▶ [INSTRUCTIONS TO FOLLOW]: Output the listing below exactly, minus its images.
== DATA EXTRACT
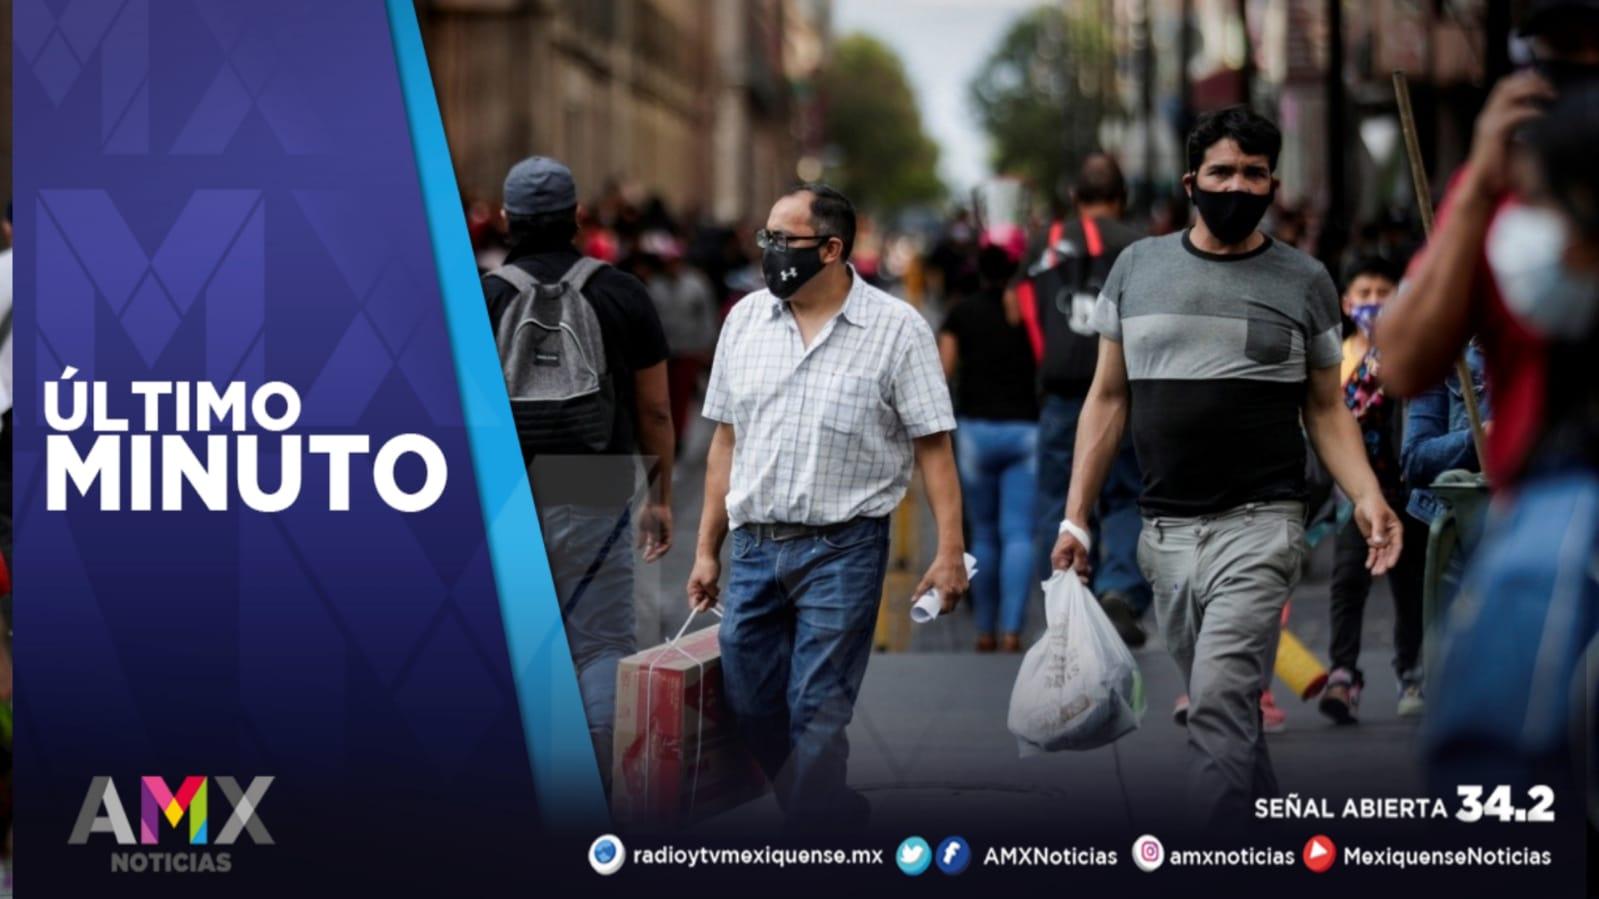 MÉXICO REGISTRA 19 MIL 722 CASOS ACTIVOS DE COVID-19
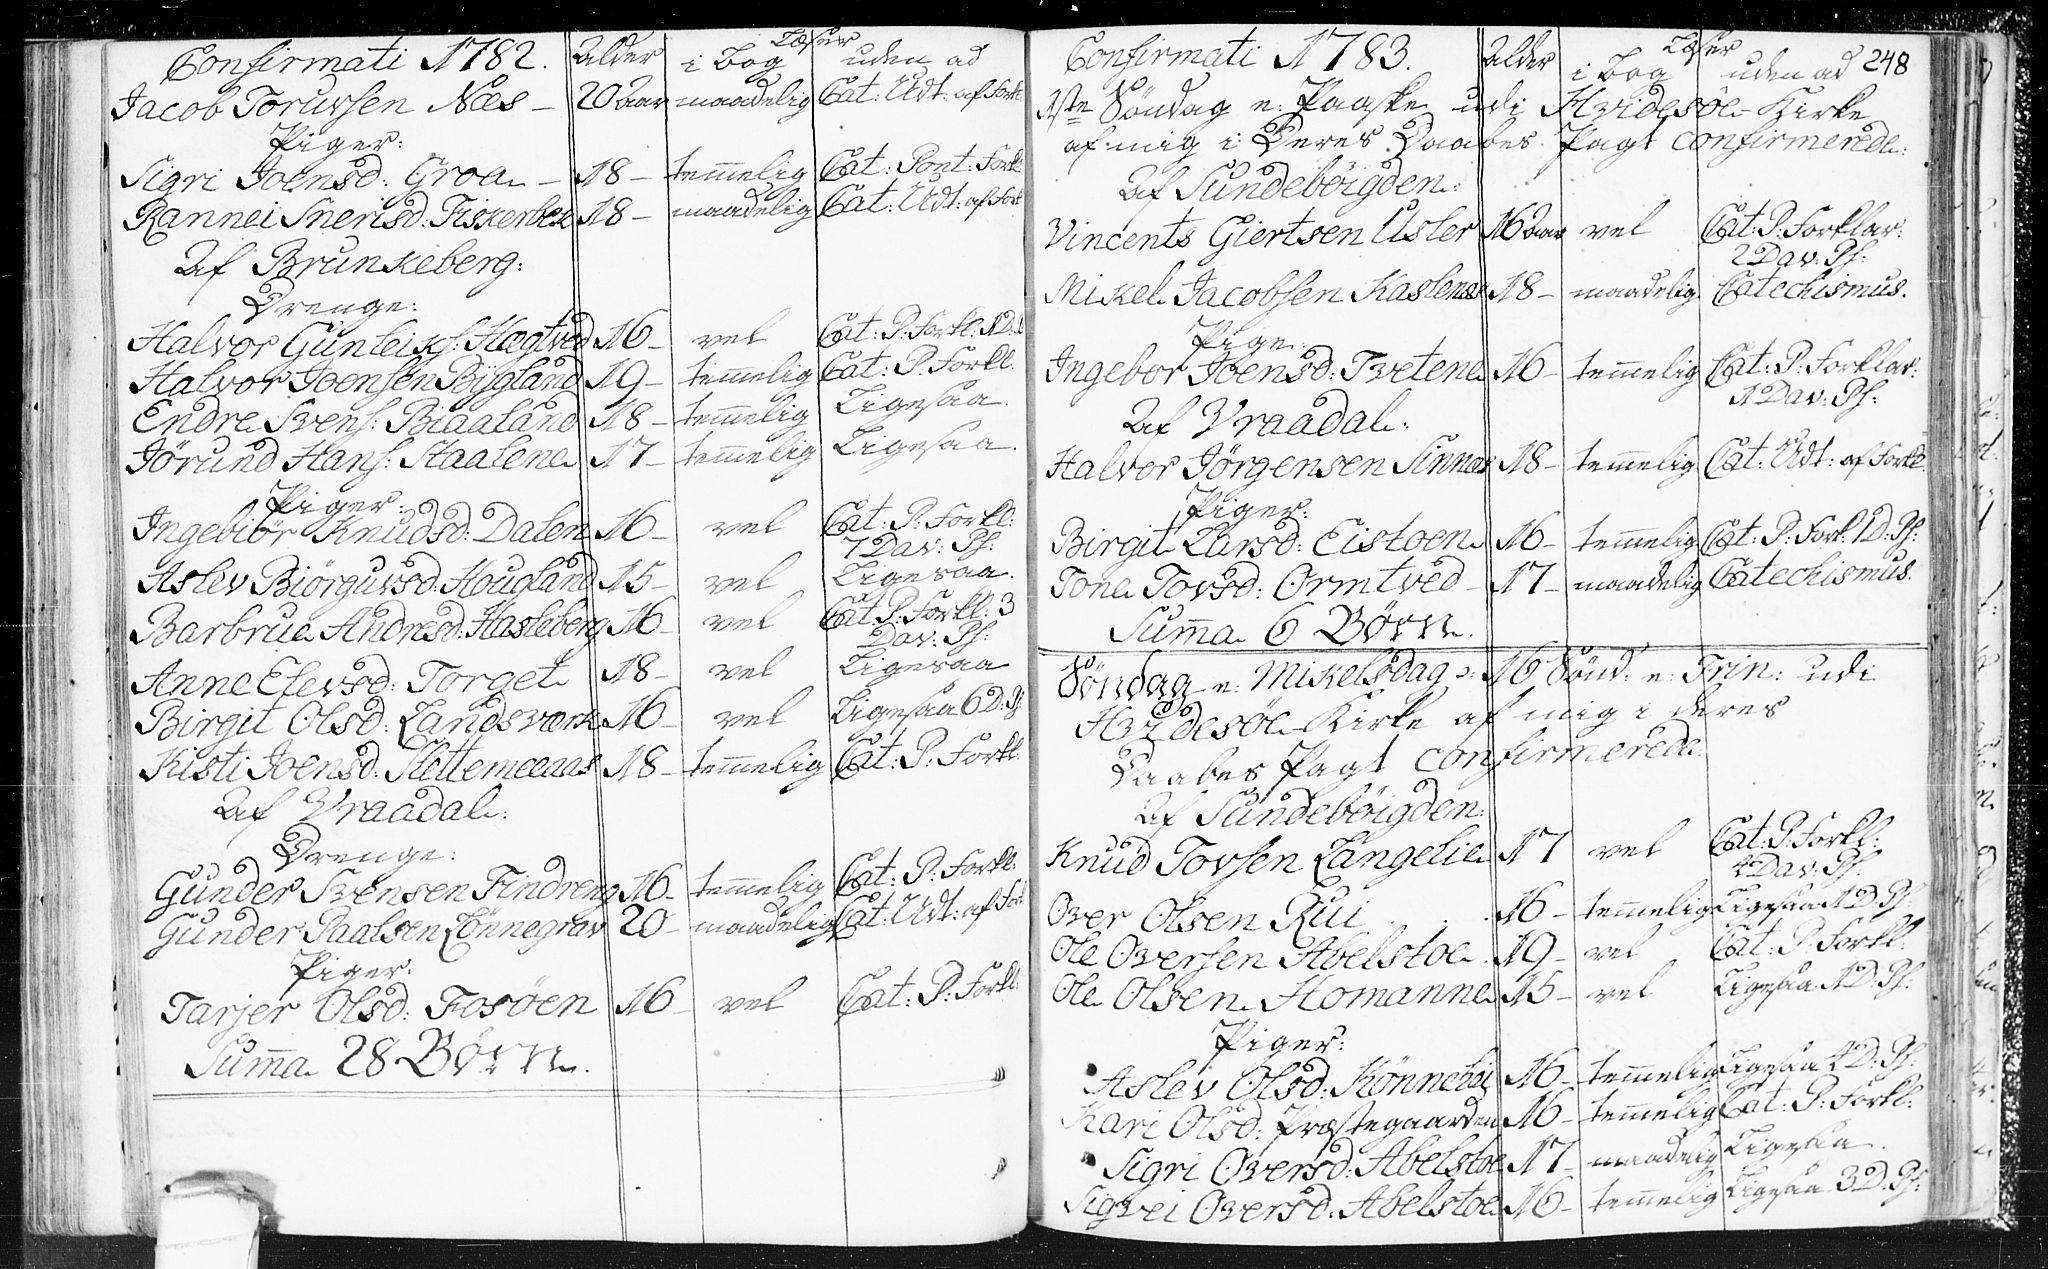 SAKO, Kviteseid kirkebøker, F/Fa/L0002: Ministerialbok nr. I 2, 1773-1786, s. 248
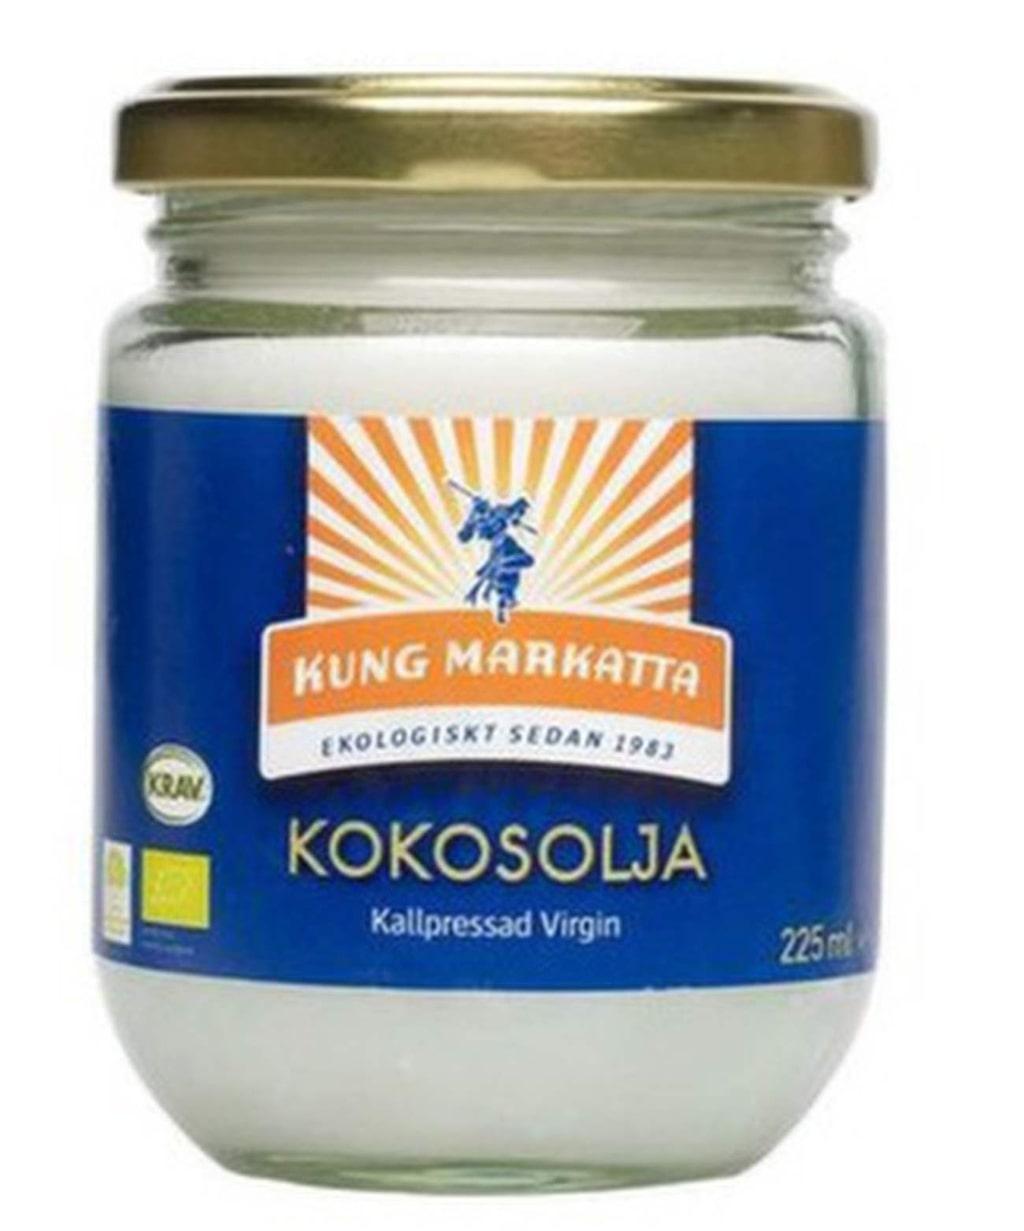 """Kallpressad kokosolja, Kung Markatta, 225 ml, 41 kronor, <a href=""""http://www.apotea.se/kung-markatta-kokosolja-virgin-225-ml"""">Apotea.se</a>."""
====
▶ [FINISHED TASK]:
 MÉXICO REGISTRA 19 MIL 722 CASOS ACTIVOS DE COVID-19
 SAKO, Kviteseid kirkebøker, F/Fa/L0002: Ministerialbok nr. I 2, 1773-1786, s. 248
 """Kallpressad kokosolja, Kung Markatta, 225 ml, 41 kronor, <a href=""""http://www.apotea.se/kung-markatta-kokosolja-virgin-225-ml"""">Apotea.se</a>."""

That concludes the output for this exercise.